Retype the whole listing exactly. Leave out pictures.

Dataset extract.
━━━━━━

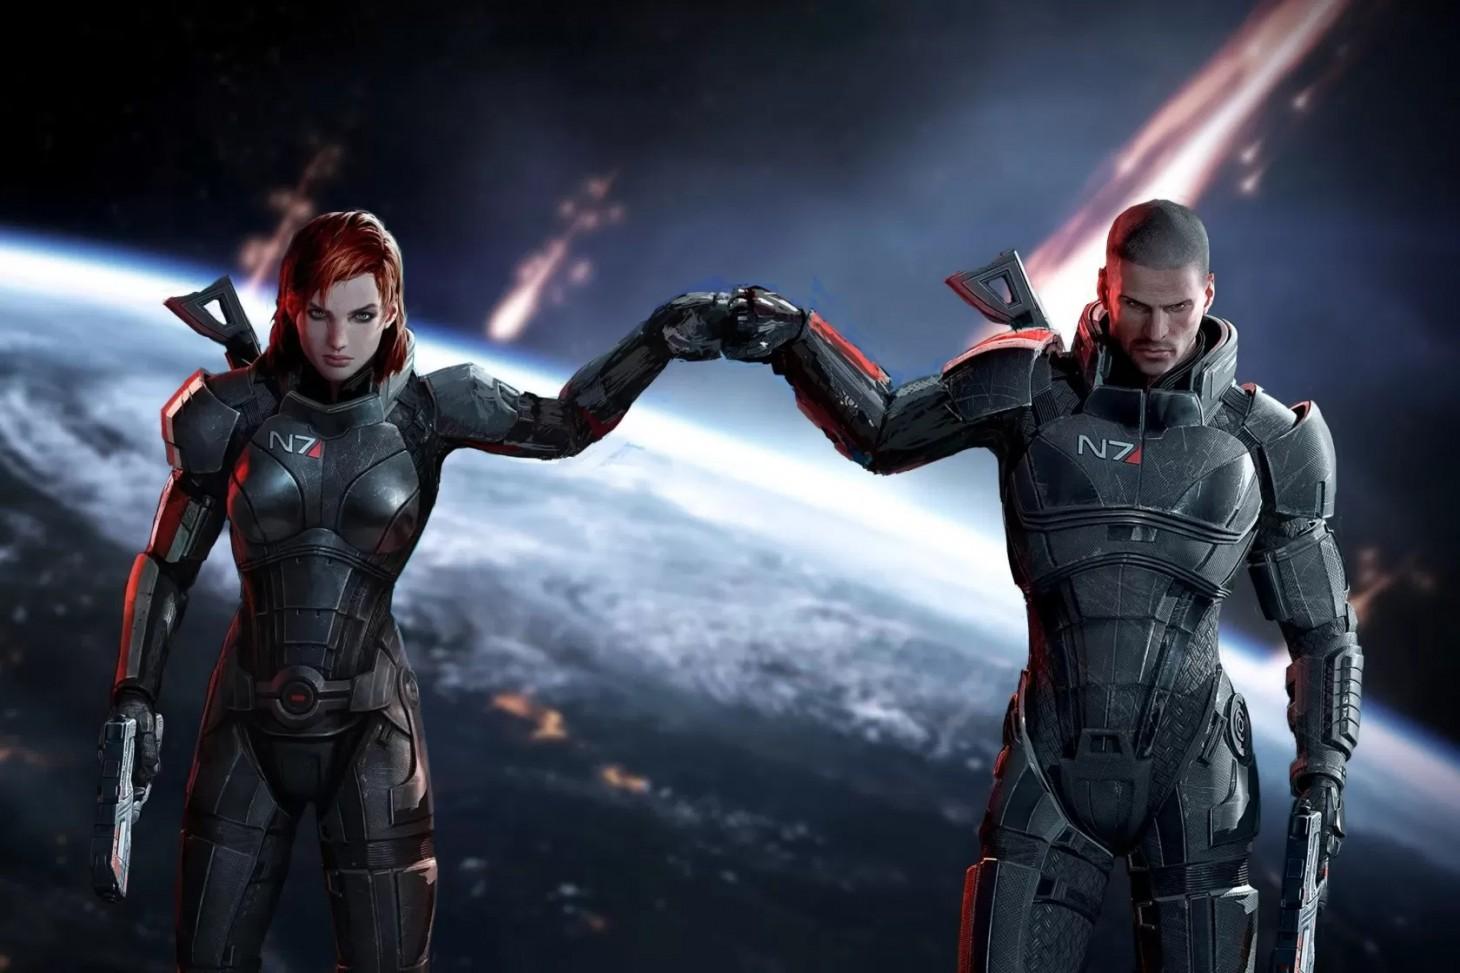 New Mass Effect Legendary Edition Screenshots Show Custom Shepard Improvements - Game Informer
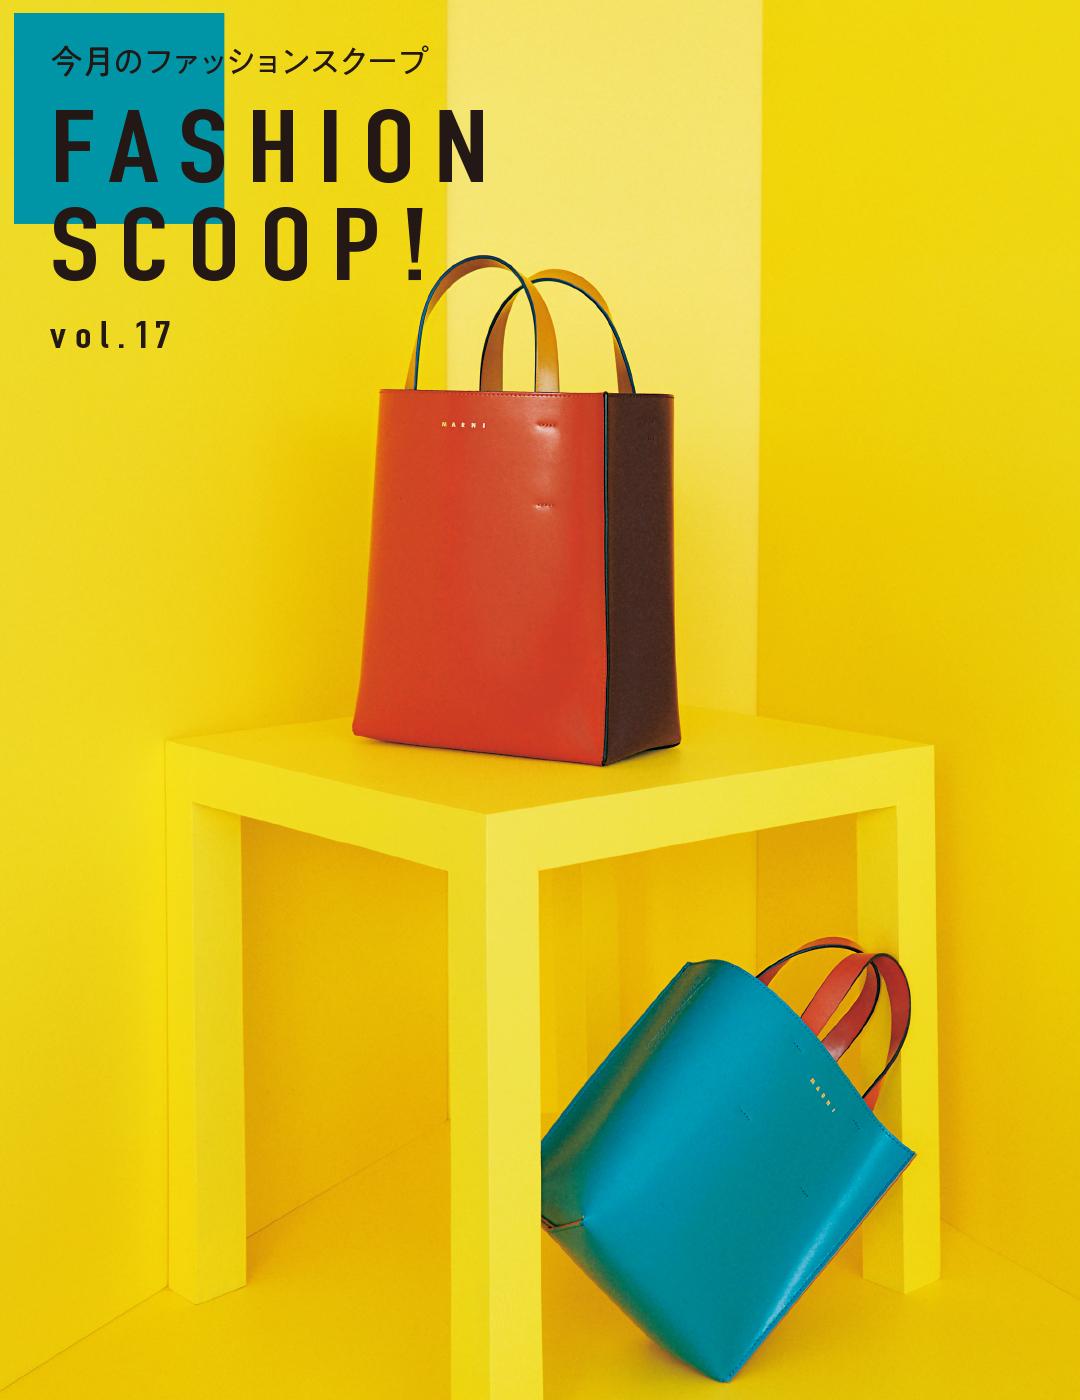 今月のファッションスクープ FASHION SCOOP! vol.17
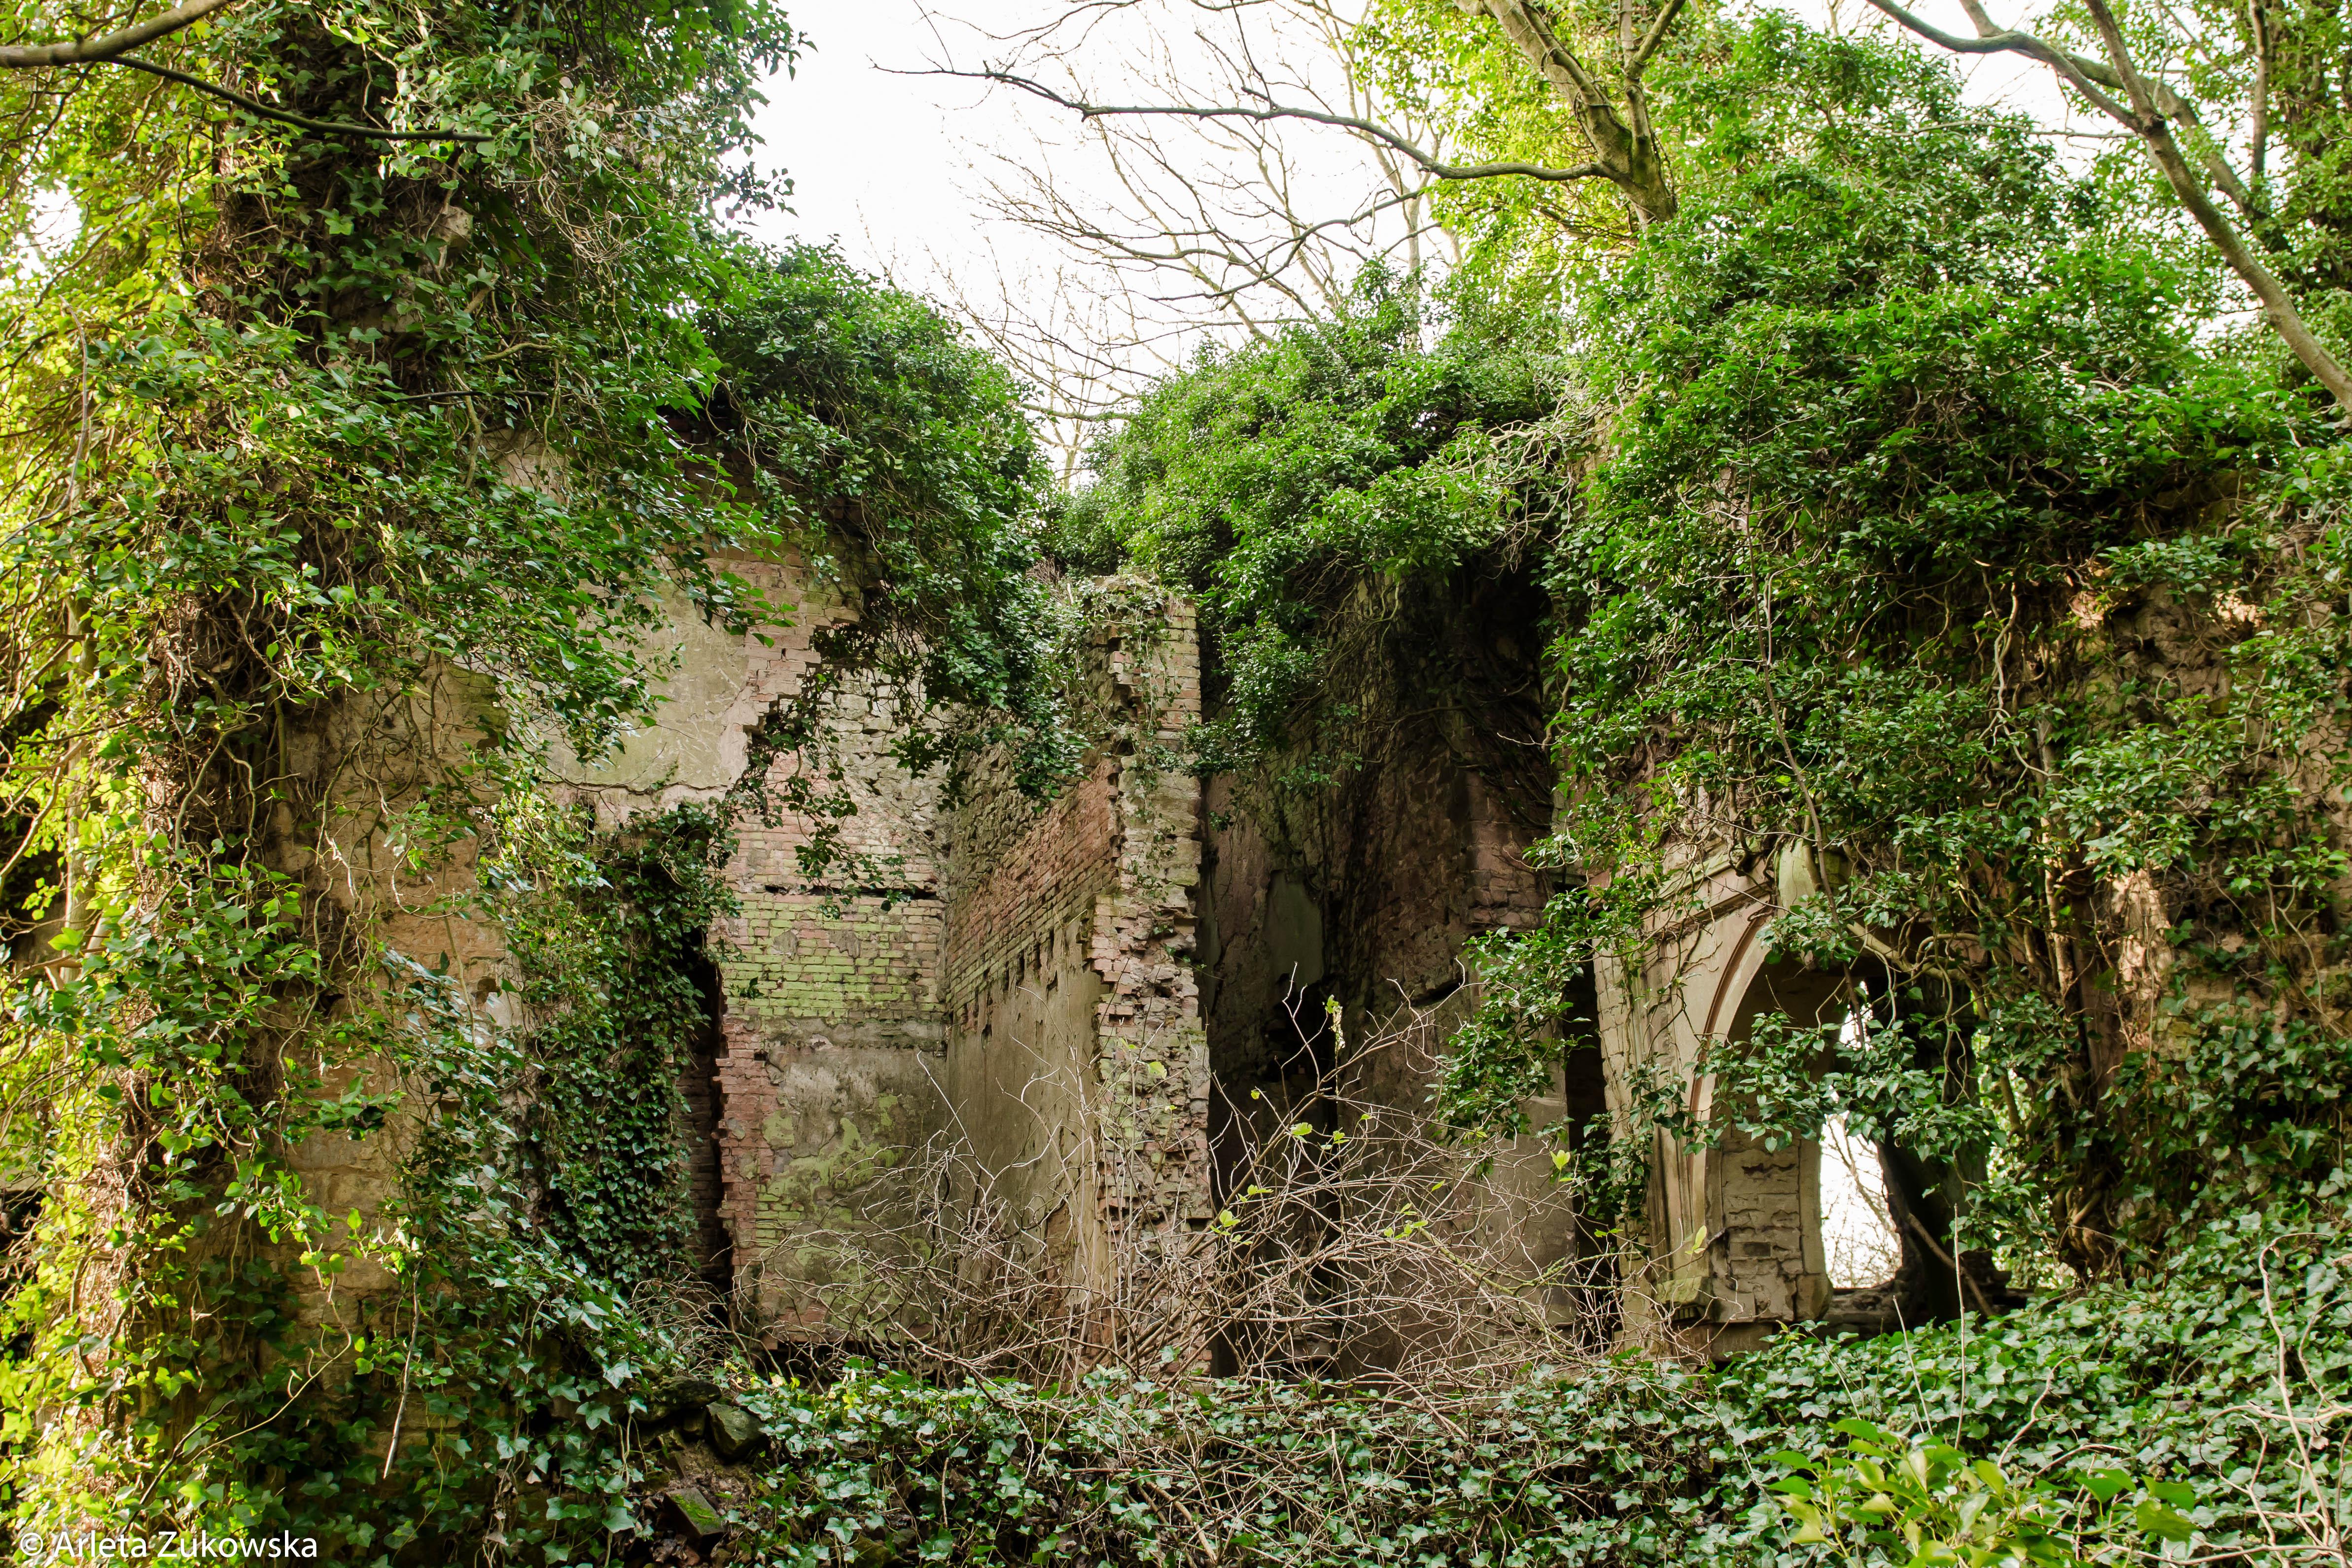 2014.01.18 - Riseholme Abandoned House II - 09

━━━━━━

Solution to this exercise.
 New Mass Effect Legendary Edition Screenshots Show Custom Shepard Improvements - Game Informer
 今月のファッションスクープ FASHION SCOOP! vol.17
 2014.01.18 - Riseholme Abandoned House II - 09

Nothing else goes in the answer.